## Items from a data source
——————————

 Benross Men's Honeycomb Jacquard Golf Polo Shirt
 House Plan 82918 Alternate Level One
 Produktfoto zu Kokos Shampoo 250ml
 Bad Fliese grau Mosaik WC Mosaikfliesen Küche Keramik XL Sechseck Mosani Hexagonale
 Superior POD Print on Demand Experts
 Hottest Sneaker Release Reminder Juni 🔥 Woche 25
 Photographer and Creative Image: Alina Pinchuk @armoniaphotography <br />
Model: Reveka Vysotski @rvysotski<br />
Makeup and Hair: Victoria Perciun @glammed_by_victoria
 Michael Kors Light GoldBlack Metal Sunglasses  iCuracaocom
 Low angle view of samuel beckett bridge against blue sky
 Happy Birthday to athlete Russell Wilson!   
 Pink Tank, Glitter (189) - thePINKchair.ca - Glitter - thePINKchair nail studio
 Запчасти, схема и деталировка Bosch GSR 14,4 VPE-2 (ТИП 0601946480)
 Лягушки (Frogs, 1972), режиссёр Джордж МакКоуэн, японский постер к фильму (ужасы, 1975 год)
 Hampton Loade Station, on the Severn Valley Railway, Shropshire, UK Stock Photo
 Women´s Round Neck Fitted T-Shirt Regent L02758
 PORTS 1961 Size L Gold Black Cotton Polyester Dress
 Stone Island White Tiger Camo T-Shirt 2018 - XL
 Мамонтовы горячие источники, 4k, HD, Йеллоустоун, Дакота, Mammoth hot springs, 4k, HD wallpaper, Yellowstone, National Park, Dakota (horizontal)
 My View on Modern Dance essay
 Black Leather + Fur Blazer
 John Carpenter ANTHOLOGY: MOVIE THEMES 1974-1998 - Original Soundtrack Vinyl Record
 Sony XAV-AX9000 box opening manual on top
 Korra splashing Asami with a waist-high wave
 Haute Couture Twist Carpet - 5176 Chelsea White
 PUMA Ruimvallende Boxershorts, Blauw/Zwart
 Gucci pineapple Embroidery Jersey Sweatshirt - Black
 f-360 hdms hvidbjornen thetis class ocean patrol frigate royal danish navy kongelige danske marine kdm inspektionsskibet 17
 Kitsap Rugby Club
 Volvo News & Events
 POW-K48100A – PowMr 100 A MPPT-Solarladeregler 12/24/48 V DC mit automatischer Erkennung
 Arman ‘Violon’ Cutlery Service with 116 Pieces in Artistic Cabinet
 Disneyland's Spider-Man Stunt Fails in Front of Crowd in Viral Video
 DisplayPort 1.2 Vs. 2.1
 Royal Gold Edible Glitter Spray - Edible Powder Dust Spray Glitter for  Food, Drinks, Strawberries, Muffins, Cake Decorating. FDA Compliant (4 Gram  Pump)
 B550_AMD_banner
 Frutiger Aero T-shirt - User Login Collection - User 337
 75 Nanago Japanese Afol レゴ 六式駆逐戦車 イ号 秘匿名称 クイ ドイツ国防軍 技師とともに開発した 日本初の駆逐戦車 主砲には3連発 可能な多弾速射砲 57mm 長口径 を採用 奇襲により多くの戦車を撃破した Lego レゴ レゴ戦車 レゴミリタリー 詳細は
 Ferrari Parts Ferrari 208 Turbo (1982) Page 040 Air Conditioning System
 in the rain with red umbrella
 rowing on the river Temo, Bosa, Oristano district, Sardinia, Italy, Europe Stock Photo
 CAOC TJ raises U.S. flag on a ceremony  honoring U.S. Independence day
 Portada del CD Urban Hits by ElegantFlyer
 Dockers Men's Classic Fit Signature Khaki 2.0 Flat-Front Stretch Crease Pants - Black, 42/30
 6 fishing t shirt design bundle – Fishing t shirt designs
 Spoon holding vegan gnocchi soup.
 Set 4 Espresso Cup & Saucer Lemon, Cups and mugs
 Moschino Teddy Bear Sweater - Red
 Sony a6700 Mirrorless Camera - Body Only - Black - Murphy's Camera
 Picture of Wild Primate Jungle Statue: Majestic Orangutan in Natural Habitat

——————————

## Exercise prompt
Only the lines from the one containing "CAOC TJ raises" through the final line of the data belong in the answer, repeated exactly.

## Response area
 CAOC TJ raises U.S. flag on a ceremony  honoring U.S. Independence day
 Portada del CD Urban Hits by ElegantFlyer
 Dockers Men's Classic Fit Signature Khaki 2.0 Flat-Front Stretch Crease Pants - Black, 42/30
 6 fishing t shirt design bundle – Fishing t shirt designs
 Spoon holding vegan gnocchi soup.
 Set 4 Espresso Cup & Saucer Lemon, Cups and mugs
 Moschino Teddy Bear Sweater - Red
 Sony a6700 Mirrorless Camera - Body Only - Black - Murphy's Camera
 Picture of Wild Primate Jungle Statue: Majestic Orangutan in Natural Habitat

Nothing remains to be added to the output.